Five days before the season opened the Cincinnati team came to contract terms with management, the Cincinnati team—and franchise, if you will—being Oscar Robertson. "Listen," one Royal had said during the holdout, "they can cut me 25% and give it to Oscar if it means bringing him back. That's how important he is to us." Wisely, the player did not make this statement within earshot of the front office or he might have had a deal. As it was, the Cincinnati team finally signed for about $70,000 cash, various bonuses based on the gate, and the use of a car.

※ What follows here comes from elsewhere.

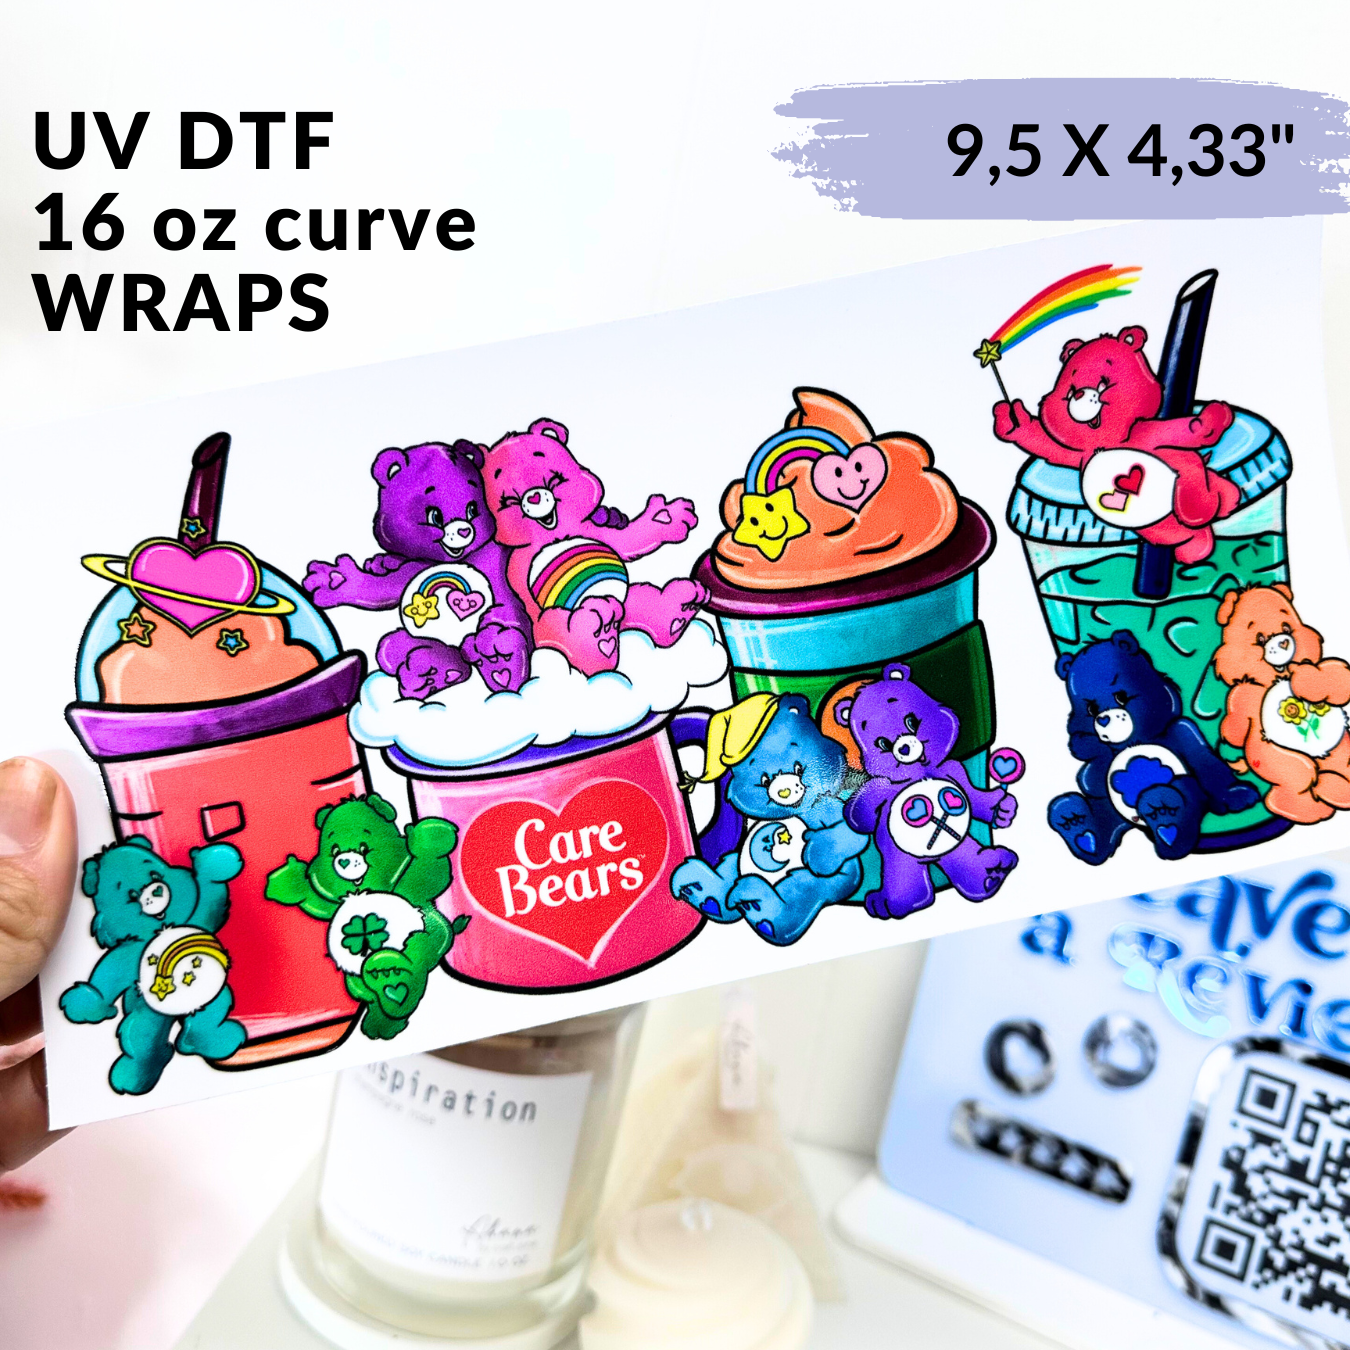 UV DTF Wrap - Color Bears Libbey cup Wrap

Not that all the Royals admire Oscar's personality, on or off the court, but he means so much to the team that the weeks spent practicing without him might just as well have been spent playing amiable games of horse. This year, however, even with Oscar, the Royals are going to have to struggle to make .500—which is all they managed the second half of last year anyway. Perhaps this is why Oscar wanted more of that cold-cash guarantee, for since the dream of threatening the Celtics faded, so has the gate. The Royals have not exactly been Auerbachs in the draft, their only good choices in the last few years being Oscar and Jerry Lucas—territorial picks that hardly required much acumen. This year the draft disaster was not management's fault, however. The first two choices—Nate Bowman of Wichita and Flynn Robinson of Wyoming—were clipped by injury and illness. But the third choice, Jon McGlocklin of Indiana, not only seems to be a real sleeper but also precisely what the team needed, the big guard to replace retired Arlen Bockhorn behind Robertson and Adrian Smith. McGlocklin, a dedicated young man, is 6 feet 5 and 205, but he was pretty much overlooked at Indiana, where the Van Arsdales outnumbered him. On campus, though, he was referred to with respect as "The Third Twin," and quietly managed to average 17.2, hit 54% and become something of a legend as a free-throw shooter. He hit 91 for 100 in practice and left the line muttering deep disappointment. McGlocklin has the advantage of having played guard as a collegian, which few kids 6 feet 5 ever do. The Royals need height most everywhere. Coach Jack Mc-Mahon had counted on Bowman to bring some to center, where Wayne Embry glares up at the monsters. Embry suddenly became injury-prone last year, Forward Jack Twyman is only 6 feet 6 and all of 31, and All-Star Lucas—though he has never looked better—has the maximum possible number of bad knees. McMahon has three good bench forwards—Tom Hawkins, Happy Hairston and Bud Olsen—which gives him some option there, but Oscar must carry this team more than ever. The car the Royals gave him won't help for that kind of portage.